Could somebody help me to understand this code and how it prints 404?
Am posting the compilation output for your reference as there are comments saying this code doesn't compile. The file containing above code is Test.c.
gcc Test.c -o Test
Test.c:3:1: warning: return type defaults to ‘int’ [-Wimplicit-int]
main(){v(4+v(v(52)-4));return 0;}/* ^ Test.c: In function ‘main’:
Test.c:1:12: warning: implicit declaration of function ‘putchar’
[-Wimplicit-function-declaration] # define v putchar
^ Test.c:3:8: note: in expansion of macro ‘v’ main(){v(4+v(v(52)-4));return 0;}/*
^ Test.c: At top level: Test.c:6:14: warning: data definition has no type or storage class print(202*2);exit();
^ Test.c:6:14: warning: type defaults to ‘int’ in declaration of ‘exit’ [-Wimplicit-int] Test.c:6:14: warning:
conflicting types for built-in function ‘exit’
./Test
404

Cannot use a meta-question as dupe, so blatantly copying from the MSO answer.
Since this is tagged c and mentioned "compiled", so just extracting the C part of it.
Credits: Mark Rushakoff is the original author of the polyglot.

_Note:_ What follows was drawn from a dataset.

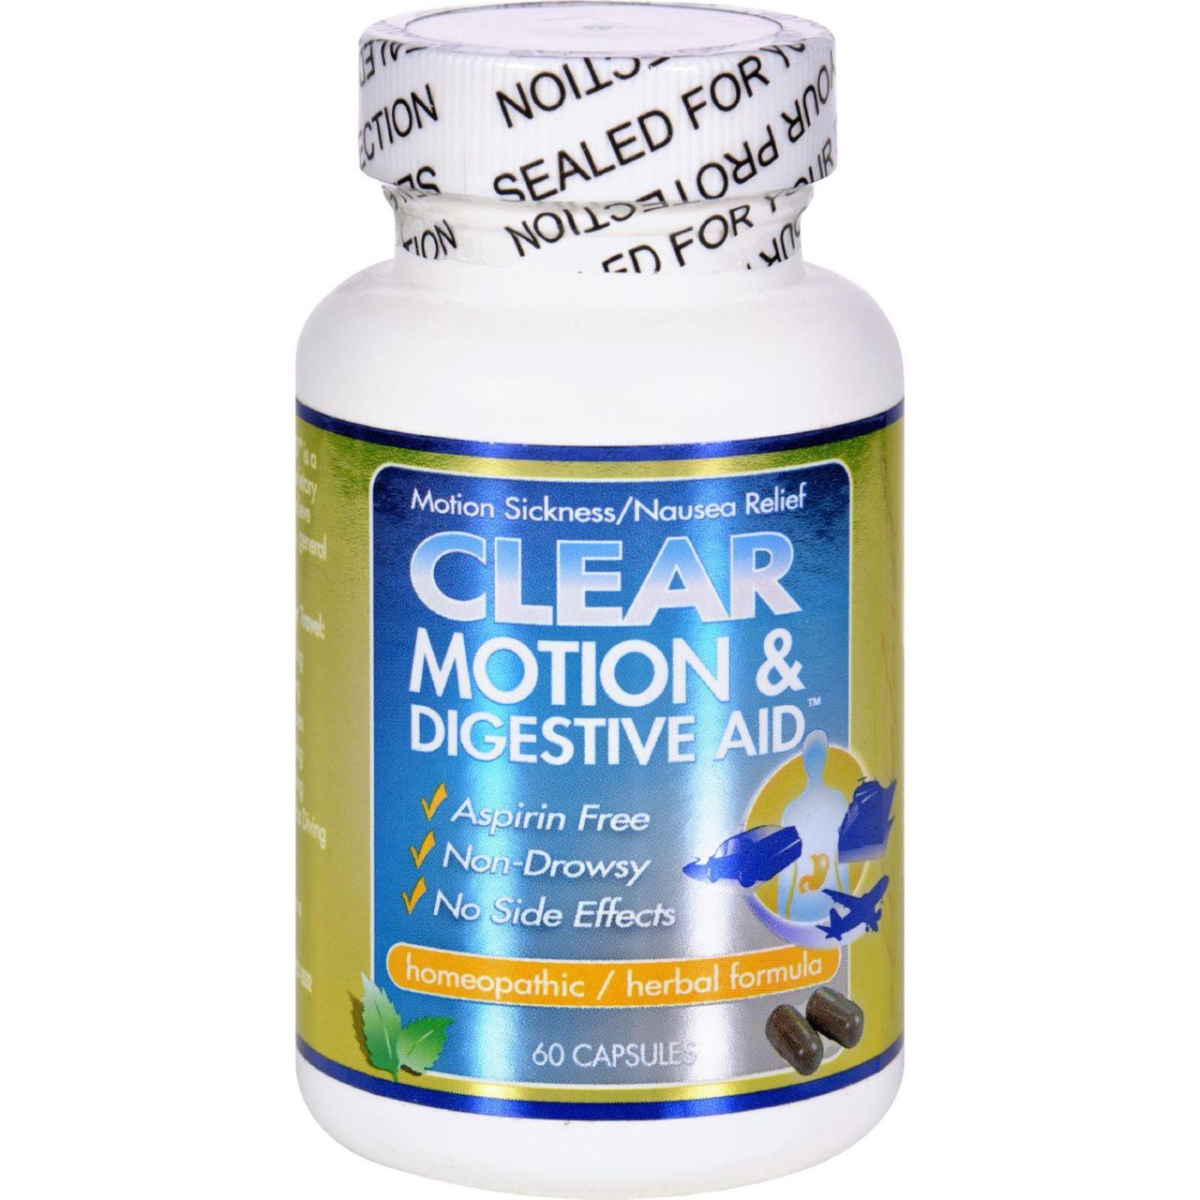 Hg0408872 Clear Motion & Digestive Aid - 60 Capsules

The C code is fairly easy to read, but even easier if you run it
through a preprocessor:
main(){putchar(4+putchar(putchar(52)-4));return 0;};exit();
Your standard main function is declared there, and exit is also
declared as a function with an implicit return type of int (exit
is effectively ignored).
putchar was used because you don't need any #include to use it;
you give it an integer argument and it puts the corresponding ASCII
character to stdout and returns the same value you gave it. So, we
put 52 (which is 4); then we subtract 4 and output 0; then we add
4 to output 4 again.
Also, a little more elboration, from [Cole Johnson's]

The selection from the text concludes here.